Transcribe only the part of the material below that begins at the line containing "Supermodel Jourdan Dunn" and ends at the line containing "Calacatta-Fortuna-marble-porcelain-tile-75-x-75", with both kept and images left out.

DATASET EXCERPTS =
[Start of Attachment]

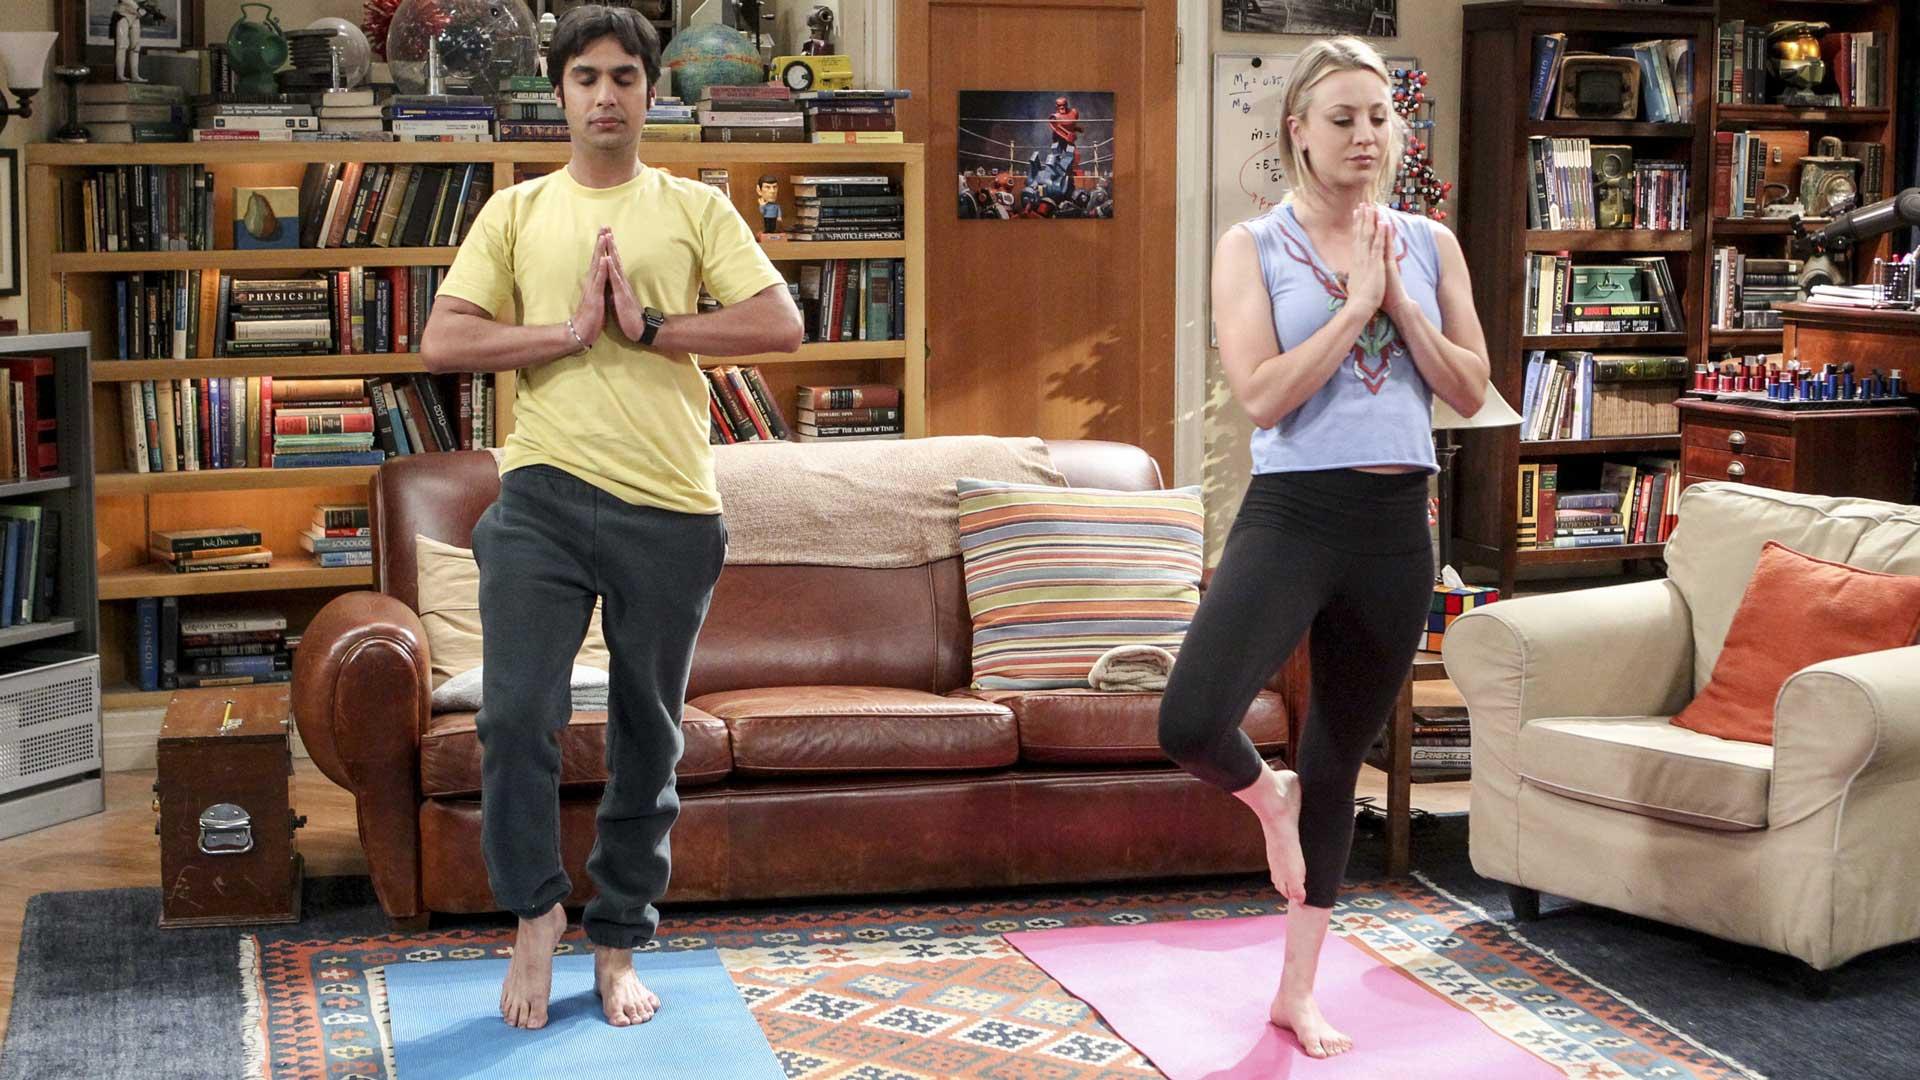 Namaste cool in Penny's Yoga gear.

[End of Attachment]
[Start of Attachment]

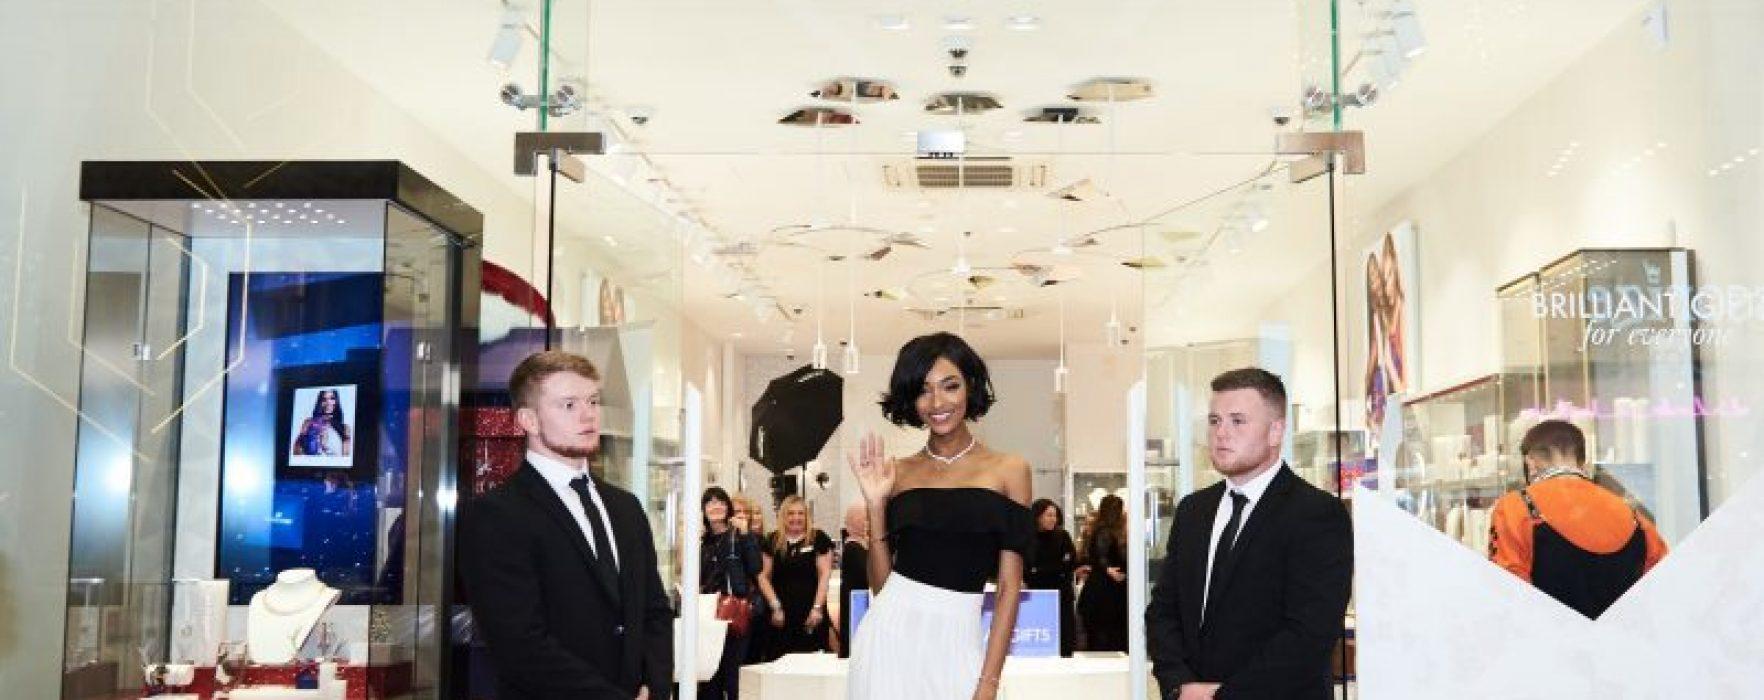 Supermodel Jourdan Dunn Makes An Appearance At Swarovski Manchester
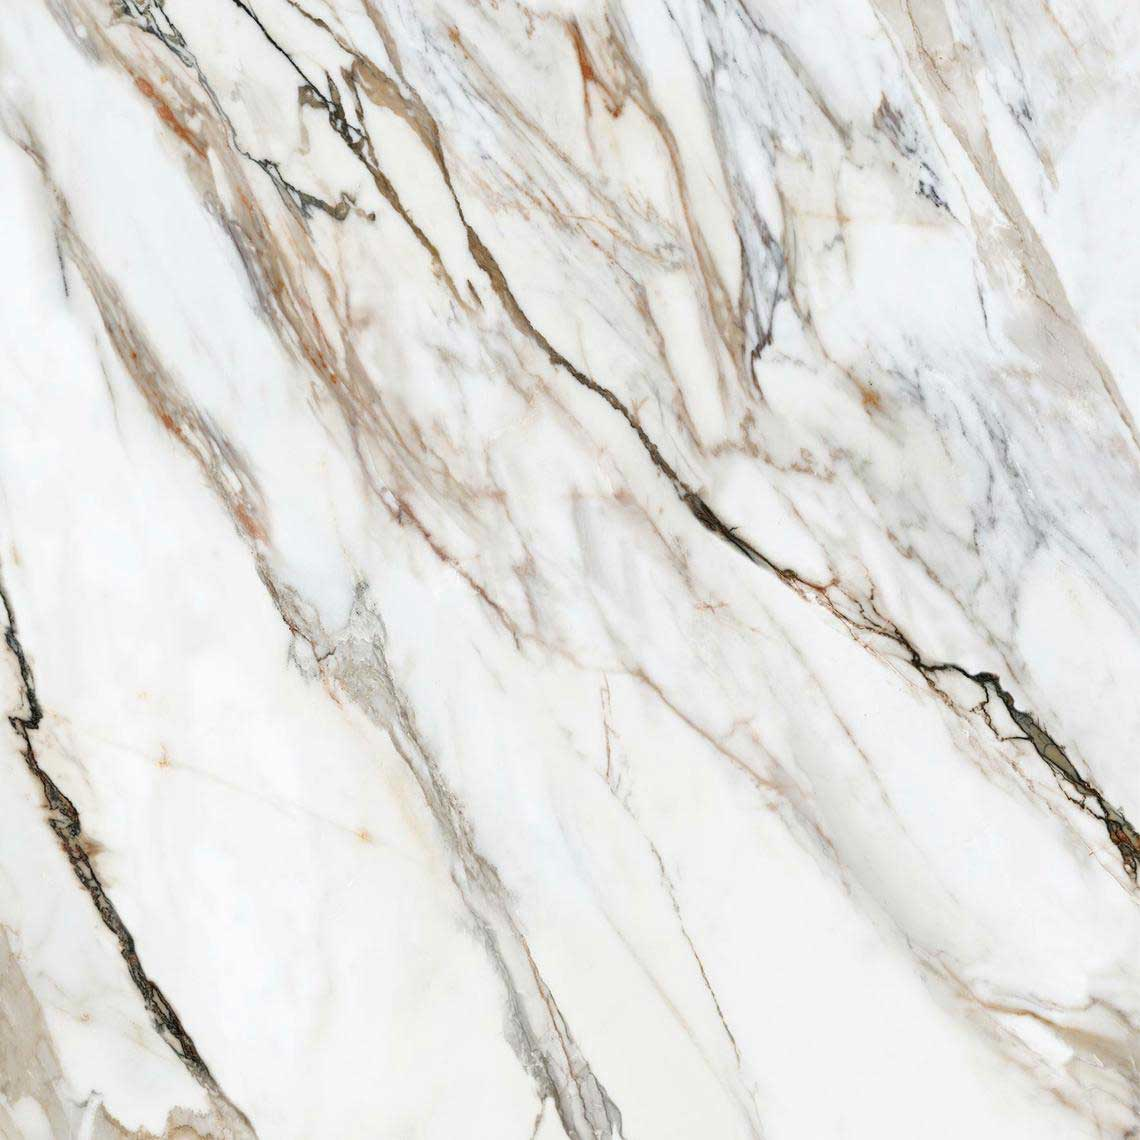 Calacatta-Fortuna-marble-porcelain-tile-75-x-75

[End of Attachment]

ANSWER TO THIS EXERCISE =
 Supermodel Jourdan Dunn Makes An Appearance At Swarovski Manchester
 Calacatta-Fortuna-marble-porcelain-tile-75-x-75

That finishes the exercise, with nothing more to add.